This was recorded about a month ago at the start of March
when we were allowed to roam freely
and no one really knew what was going to happen with the coronavirus and everything.
So we were in a studio for this one, which kind of seems odd now that I'm used to just recording them on a laptop on my bed.
But I just wanted to pop up here and say that if you like this podcast, then please like, rate and subscribe.
And here is Desert Island Dicks with Steve N. Allen.
Hi, I'm Dan Benedictus and welcome to Desert Island Dicks, the show that sees you marooned on a desert island after a plane crash
with the worst people and worst things imaginable.
Who they are and why they're a dick is up to you.
And here to share their Desert Island Dicks with us today is comedian and podcaster Steve N. Allen.
Hello.
What I was going to do before is check that you're happy with comedian and podcaster as a title.
I mean, yes.
Let's not check to see if I'm successful in either two of those categories.
Let's just take it as a given
and let's claim it. Yeah. Wonderful.
Well, thank you for coming in.
You know what? To start off with,
may I offer you, in these
coronavirus-heavy times,
antibacterial hand wipe?
Oh, I'd love one, please. Thank you. Let's have a little...
Because I imagine this is the first
thing that you would take to a desert island.
Well, I think these days, yeah. Or maybe you're take to a desert island. Well, I think these days, yeah.
Or maybe you're safer on a desert island.
That's the thing.
Yeah, it's got the whiff of the Karoo ship to it.
That's the thing, though, isn't it?
If you're on there with someone,
you're going to get it,
and the entertainment's rubbish.
Mmm, scented.
Thank you, sir.
It feels quite lavish these days, doesn't it?

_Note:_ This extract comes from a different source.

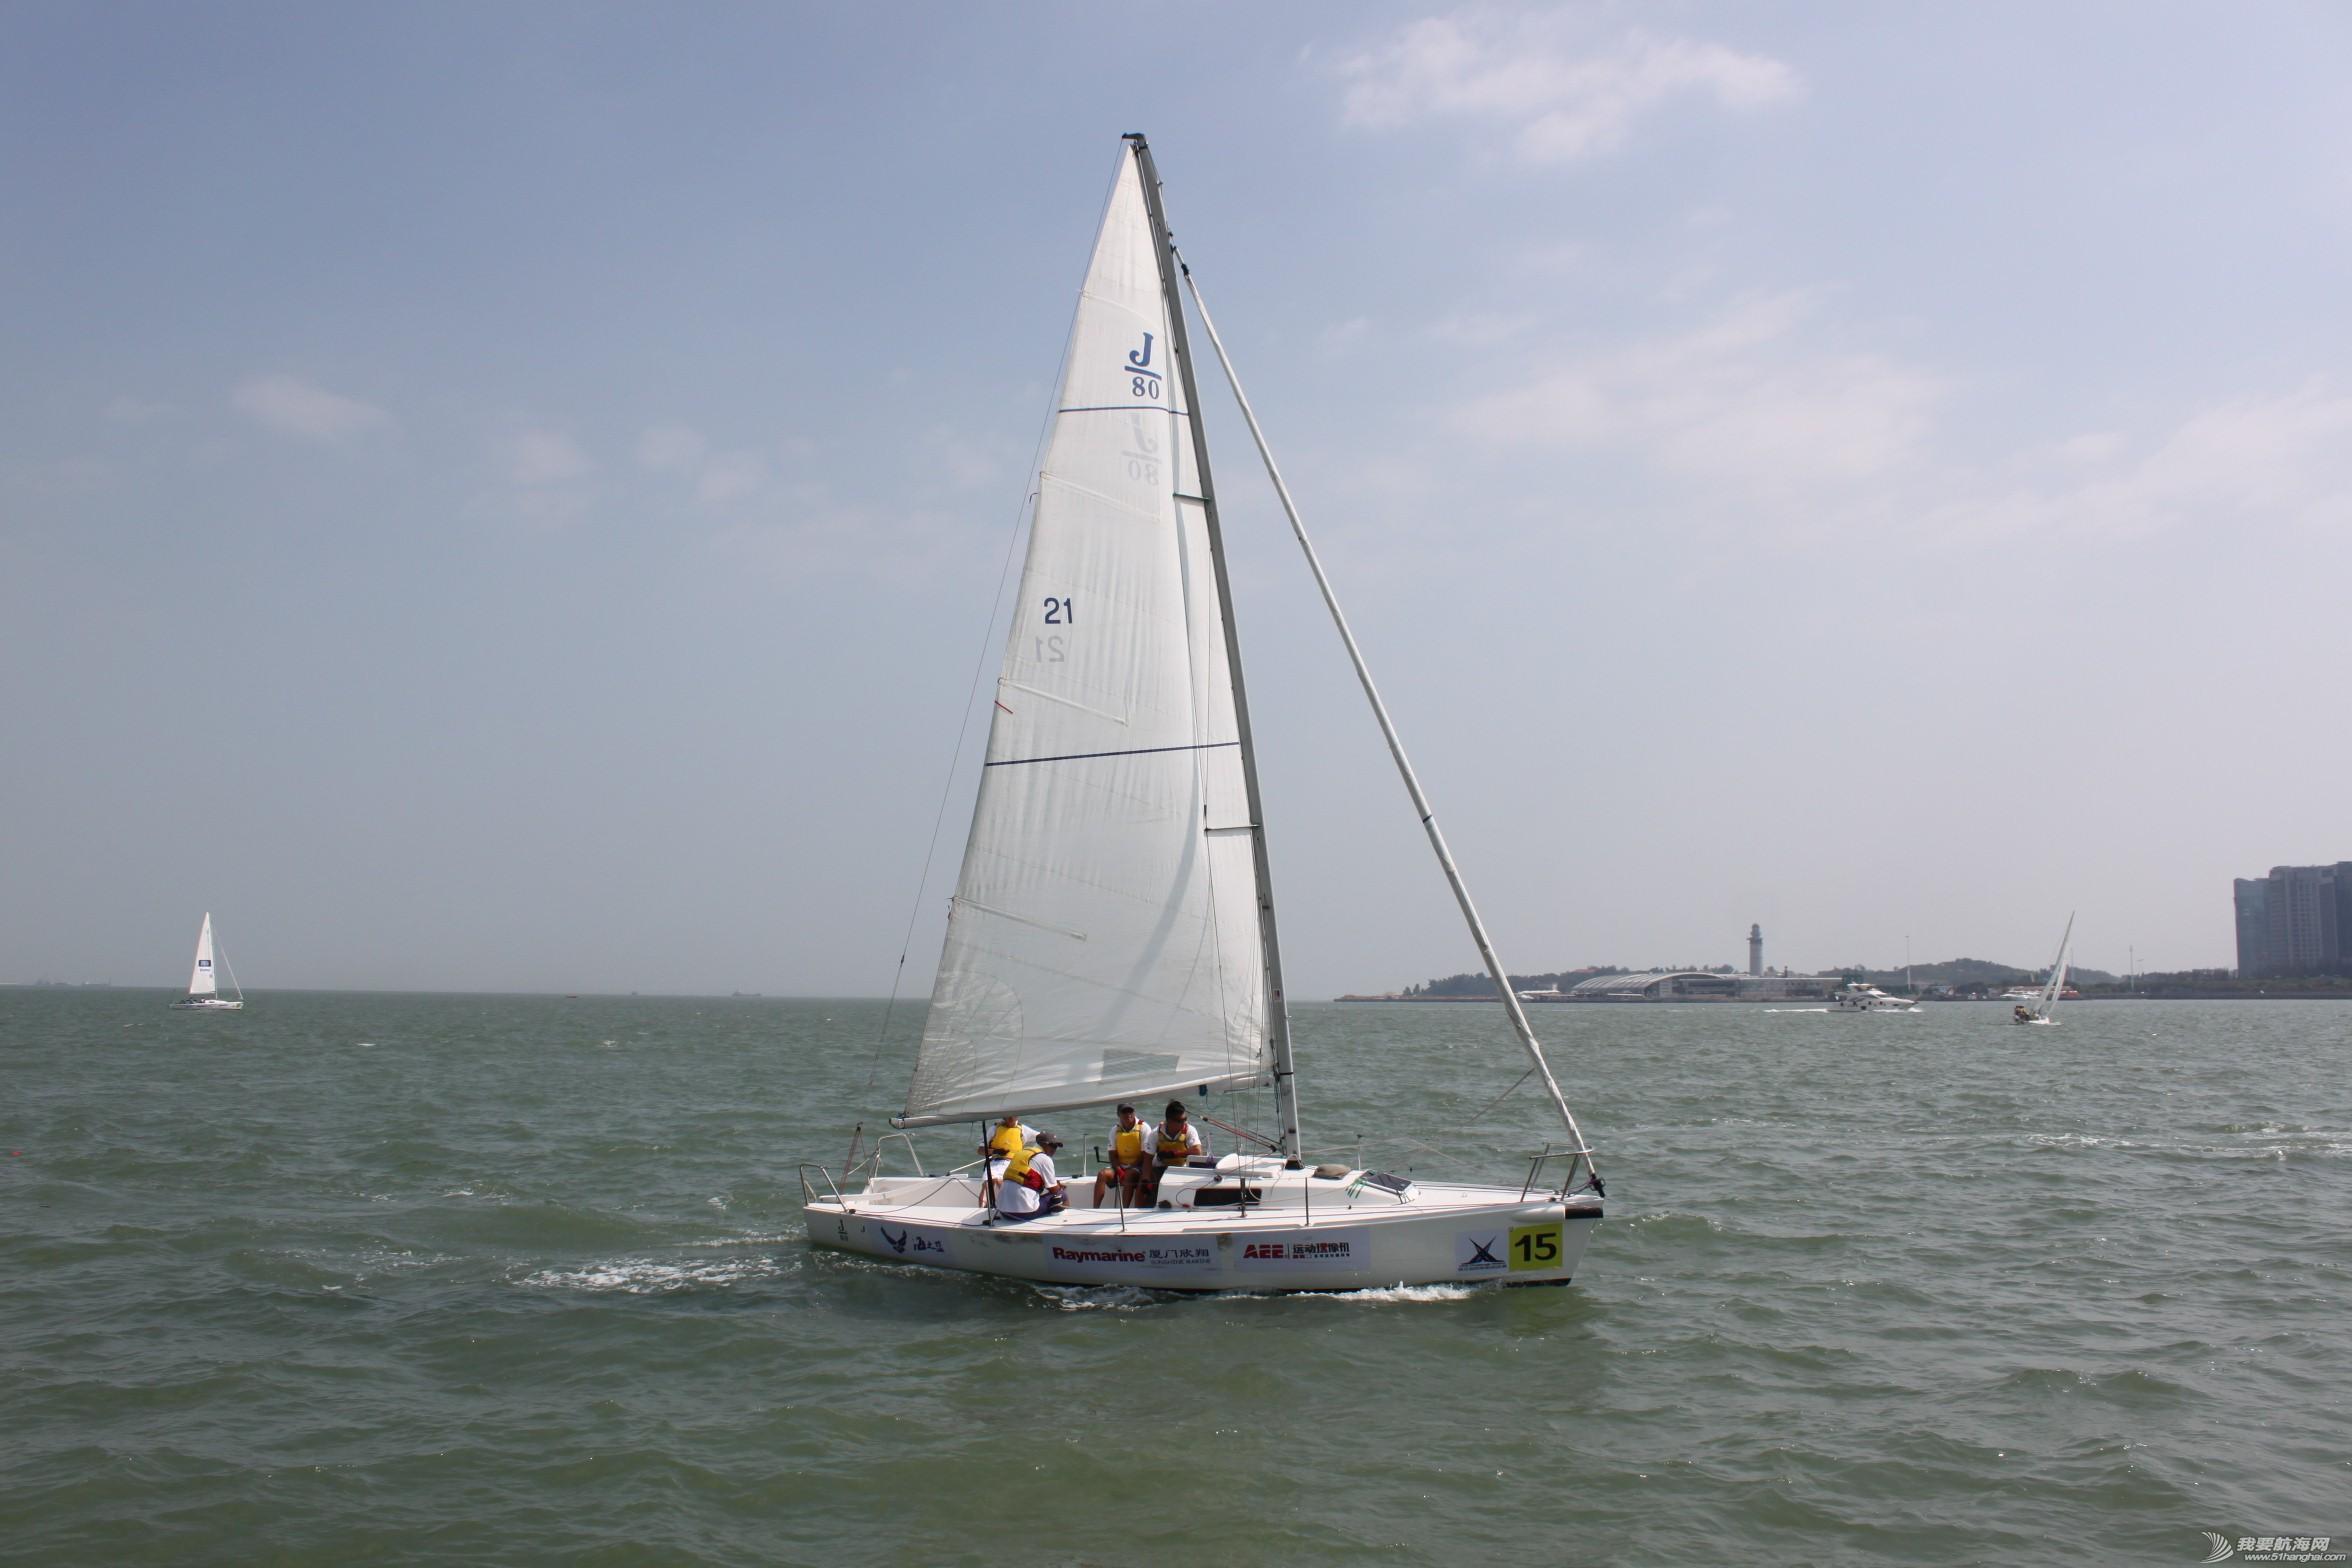 15号船是深圳友宝队,他们最后成绩是A组第三名。

This has suddenly become the real currency.
Yeah.
I mean, we are a step away from being
the full Howard Hughes
living in a sealed-up room and peeing into a jar.
And so, like, everyone else is panic-buying toilet roll.
What I'm doing is panic-buying jars.
Got to pee somewhere.
Nice.
Very good.
Yeah, nice.
Well, thank you, though, for coming in.
How have you found the process of choosing the dicks?
Really difficult.
So, yeah, I've spent the last couple of years of my life
trying to give up hate, trying to be, you know,
I've realised there's no point,
everyone carries with them so much angst and anger
and there's no point in accusing someone of the thing you hate
because then they'll get defensive and then you get a little battle.
I realise, you know, they're right, you've just got to let it all go.
Just breathe and forgive and all this rubbish.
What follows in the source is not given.